O garoto continuou a organizar suas coisas e a sala antes de ir embora quando alguém bateu na porta.

— Hey – tratava-se de Diógenes, o garoto “amigo” de Ágata.

— Fala aí – cumprimentou sorridente, mesmo que por alguma razão seu instinto dissesse que a visita não era amigável.

— Ouvi o Manolo te elogiando. Parabéns, cara, tu manda bem mesmo. Não é falatório.

— Valeu – respondeu sem jeito – Precisa de algo?

— Não exatamente. Ou sim, sei lá.

Ian ergueu a sobrancelha, indicando seu não entendimento do que o garoto.

— E então?

— Não é nada demais. É só que... Queria saber a quantas anda o teu rolo com a Ágata?

— Bem. Estamos bem.

— Tá, mas tipo bem como?

— Estamos convivendo, vivendo um dia de cada vez saca?

— Hum – Respondeu sem vontade – Falando aqui entre nós: Tu quer realmente algo sério com ela?

— Se for pra gente ficar junto...

— Não, cara, tô perguntando se TU quer do fundo do coração que ela fique contigo pro resto da vida...

O maior sentiu um embrulho no estômago. Um mês antes aceitaria sem sombra de dúvidas, mas agora que seus sentimentos por Dan pareciam ter triplicado de força de uma hora para outra, já não se entendia mais. Seu coração estava confuso.

— E-eu... Não sei. Não dá pra prever esse tipo de coisa.

— Se não dá, por que eu faço isso todos os dias? – Confessou.

Então era aquilo: Diógenes estava apaixonado por Ágata. Não era como se fosse uma grande novidade, pois a garota conseguia ser uma pessoa que ia muito além de um corpo bonito. Era uma moça de atitude, que não temia nada nem ninguém, ousada e provocativa. O tipo de garota que atraia Ian com mais facilidade que as demais (Afinal, não é por ser pan que era isento de certas preferências, mesmo que não se desse conta de sua existência). Porém como segurar uma garota assim sem saber o que se sente, quando há um coração que anseia a sua atenção com toda força como Dio aparentava estar?
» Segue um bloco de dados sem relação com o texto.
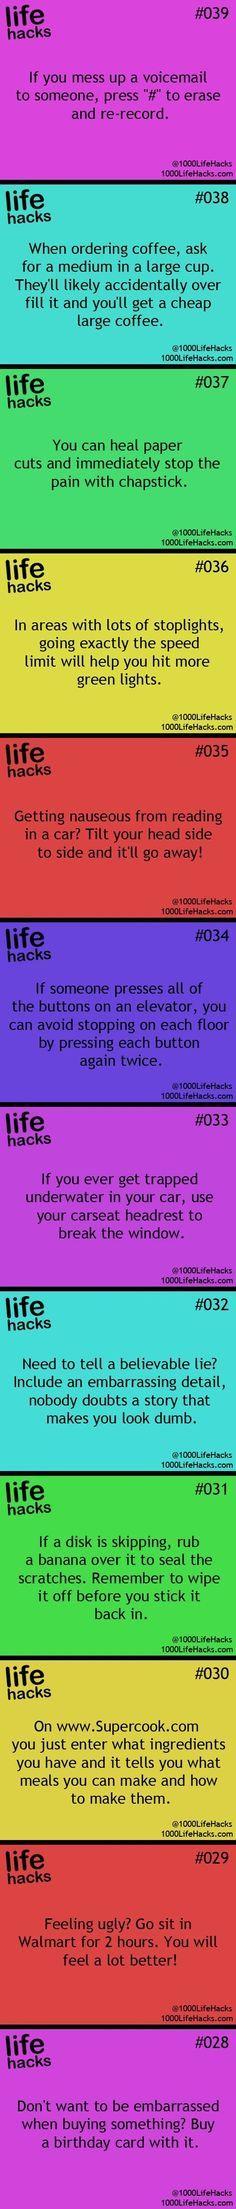 25 Useful Life Hacks
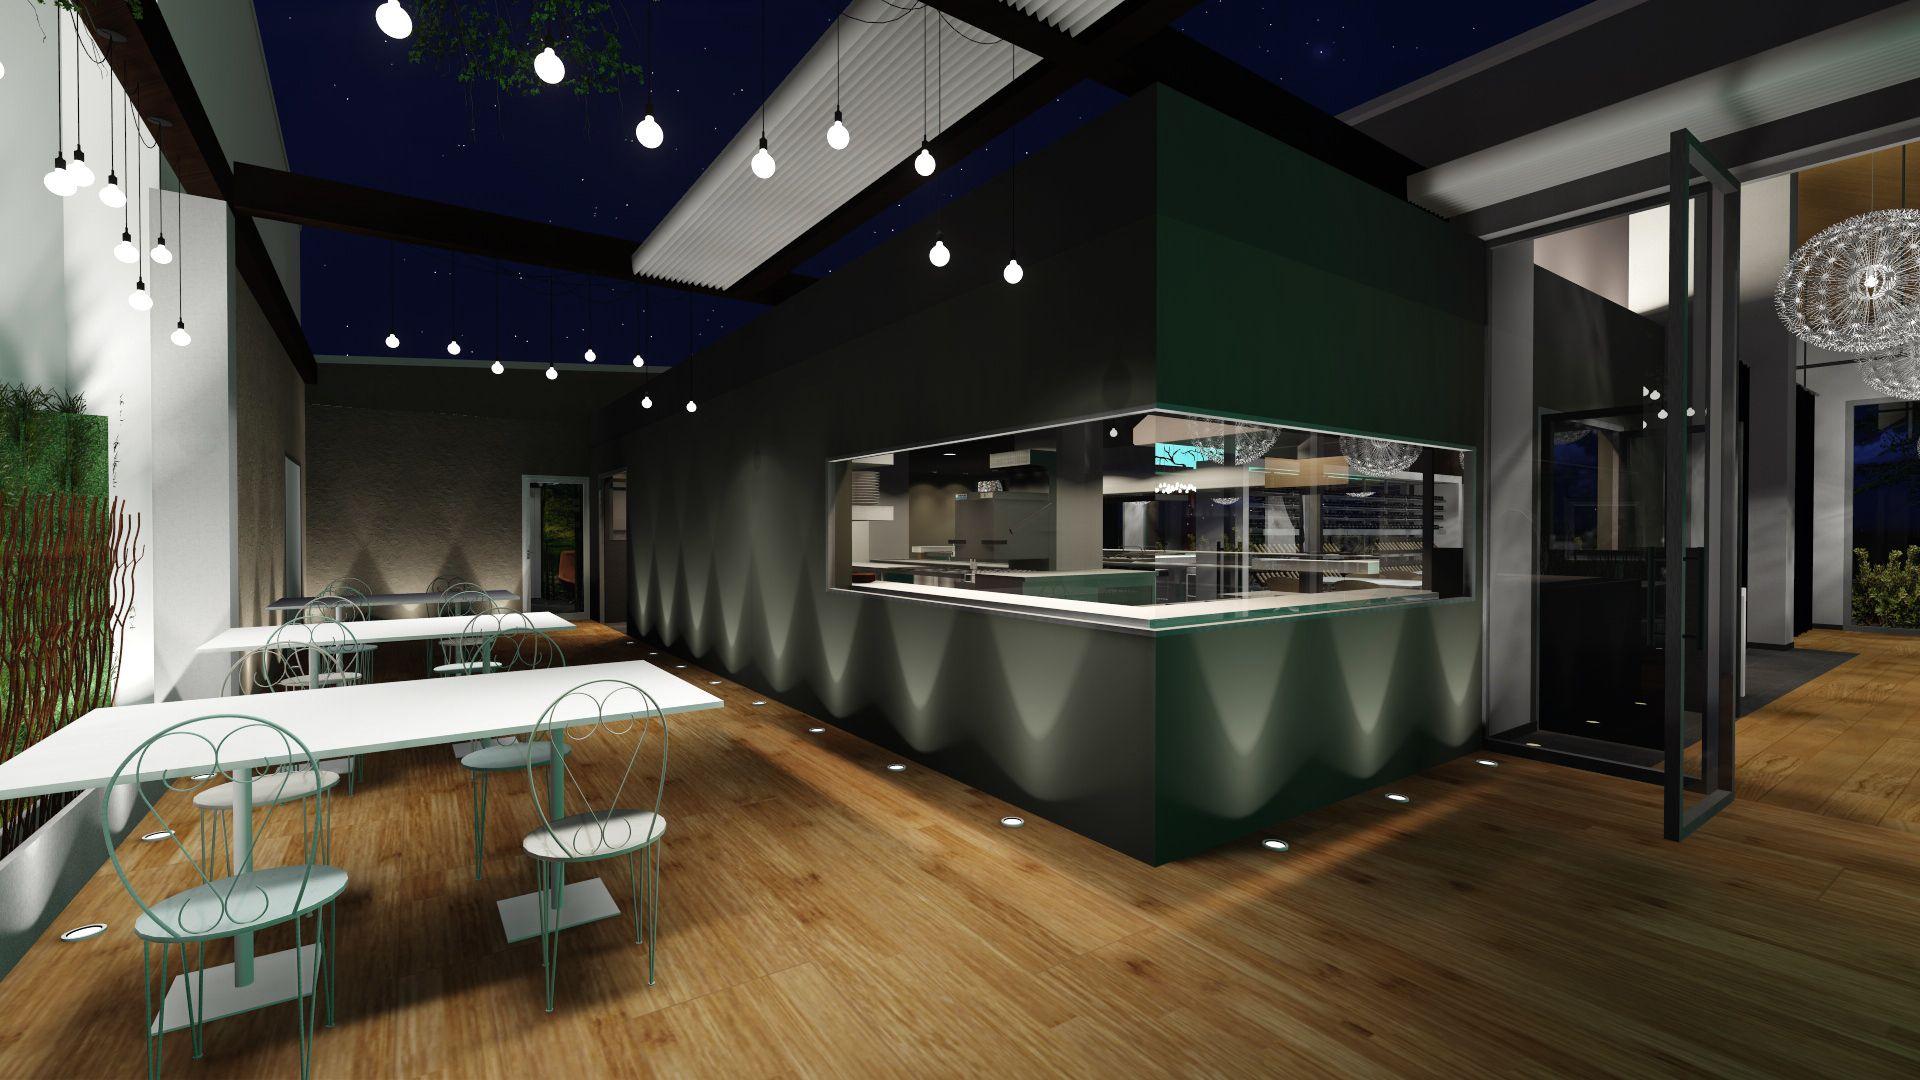 Creación de la identidad visual y el diseño de interiores para un restaurante en Valencia. Diseñado en 2014 por MSE Project

— Olha, cara – começou ele – E-eu não vim aqui brigar nem te ameaçar. Só queria que... Tu pesasse um pouco o que tu sente por ela. Pensa se é o amor ou a amizade dela que te interessa mais. Não quero que se afaste dela, longe disso. Só quero que tu pense nisso que tô te falando entende?

— Sim. Entendo sim – afirmou, verdadeiramente.

— Se realmente for ela que tu quer, tudo bem. Só faz ela feliz por mim tá? Não deixa ela ter o coração destroçado mais uma vez...

Ian então se surpreendeu com o que ouvira. O que ele queria dizer com aquilo?

— Já vou indo. Parabéns aí pelo talento – fez um gesto com a mão em sinal de que ia embora.

O outro nem se deu ao trabalho de responder, pois sua mente só pensava em uma coisa:

— Ter o coração destroçado mais uma vez... – ficou pensativo – Que história é essa?